Les manguiers et les palmiers forment la strate haute et peuvent atteindre une trentaine de mètres. Ils assurent l’ambiance forestière par leur ombrage et conservent l’humidité.

Sous leur couvert, entre 2 et 10 mètres de hauteur, s’alignent les colatiers et quelques calebassiers. Le sous-bois est dense, formé d’un tissu de lianes, d’arbustes et de jeunes palmiers qui constituent une strate intermédiaire entre 2 et 5 mètres. Il est régulièrement dynamisé par un nettoyage manuel permettant l’accès aux fruits.

Figure 15 : Croquis des ceintures villageoises

Un regard distrait, et dans la seule considération de la strate arborescente, conclurait au peu d’intérêt écologique que présentent ces forêts. Constituées de trois ou quatre espèces, communément répandues dans la région, elles seraient vulgaires plantations de manguiers ou colateraies vieillissantes.
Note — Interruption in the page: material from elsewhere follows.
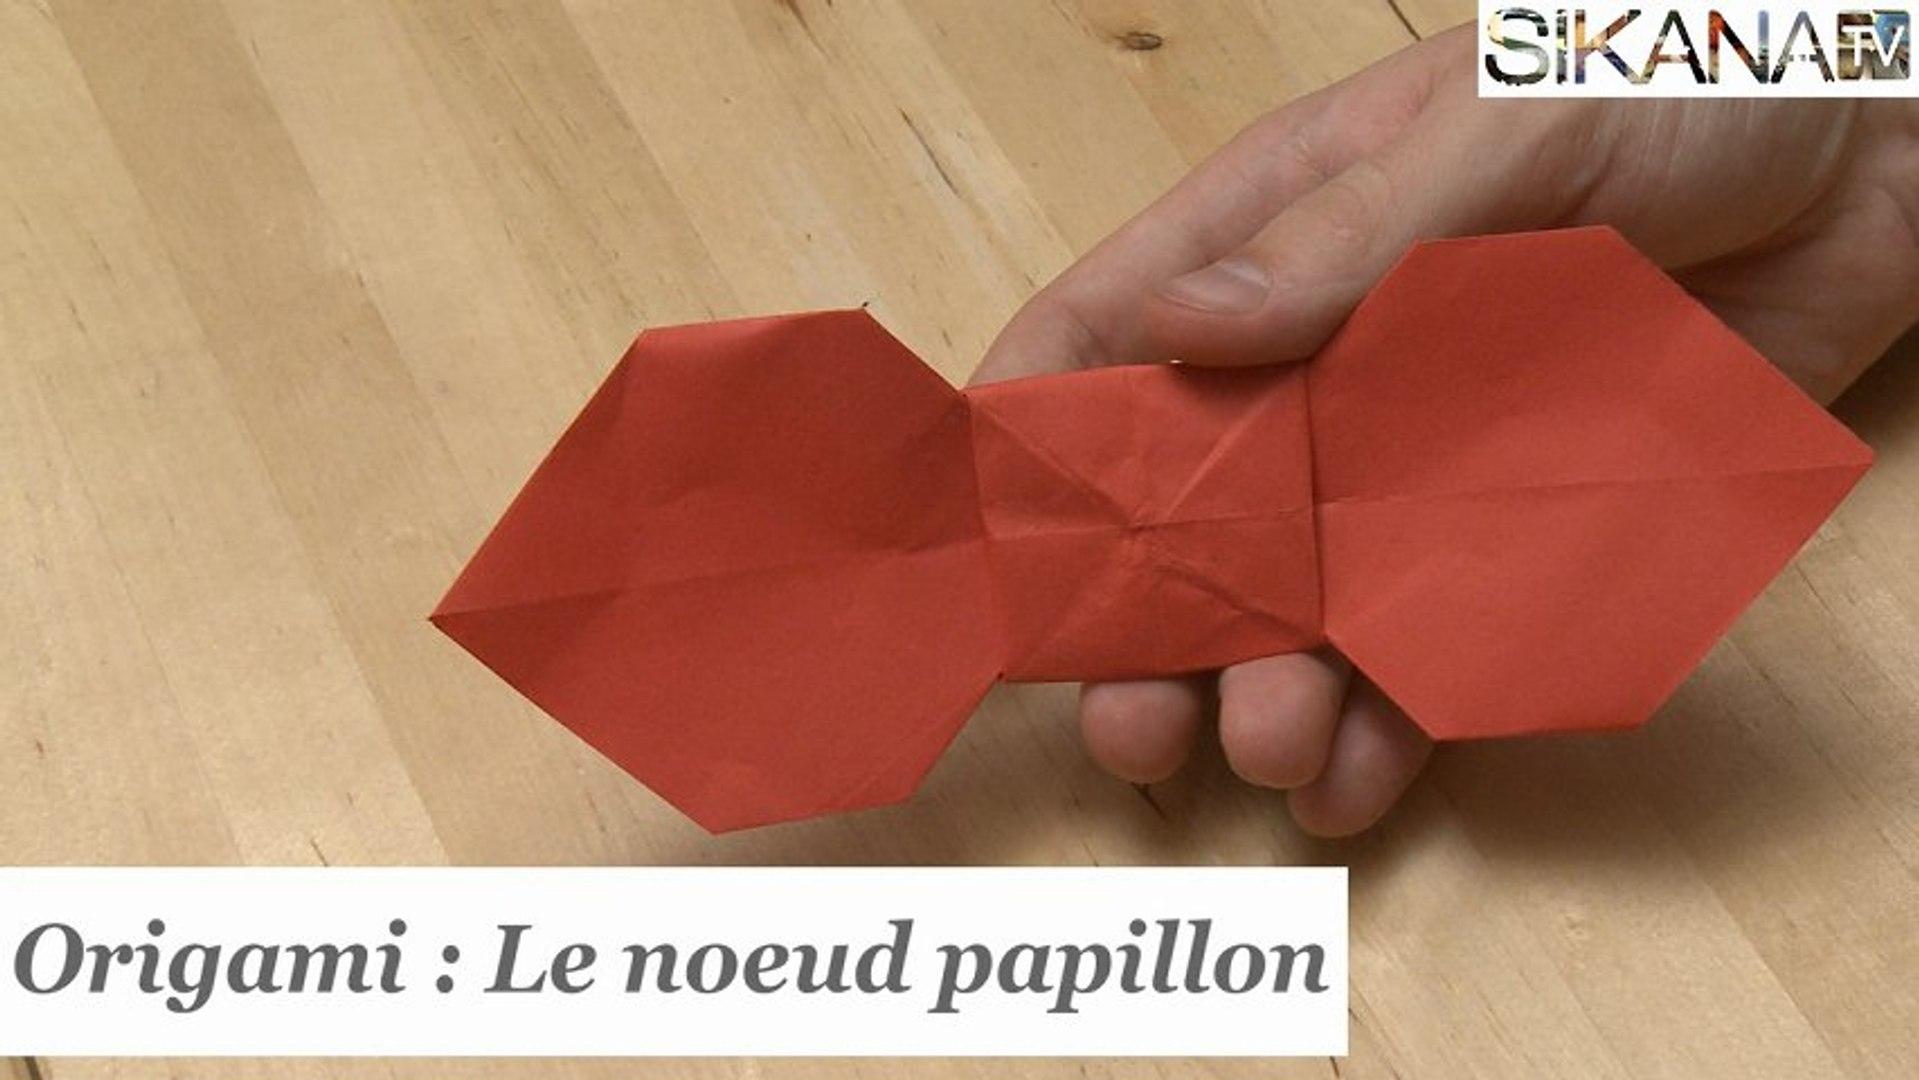 spécial chaussure qualité supérieure codes promo Origami : Comment faire un noeud papillon en papier ? - HD

Mais l’approche botanique nous en dit beaucoup plus et éclaire d’un tout autre jour cette ordinaire mangueraie. La diversité spécifique du sous-bois est tout à fait remarquable. Pour l’illustrer, un relevé floristique préliminaire d’environ 50 m² a permis de dénombrer 52 espèces ligneuses à Kanoff, un autre comptage, à Madya, révèle, sur 100 m², 33 espèces de ligneux pour la seule strate arbustive, entre 1 et 2 mètres de hauteur. Mais au-delà de la diversité spécifique, c’est l’originalité du cortège qui nous interpelle ici. En reconstituant cette rare ambiance forestière, les forêts villageoises abritent les espèces ombrophiles, des espèces relativement rares sur l’ensemble de la région.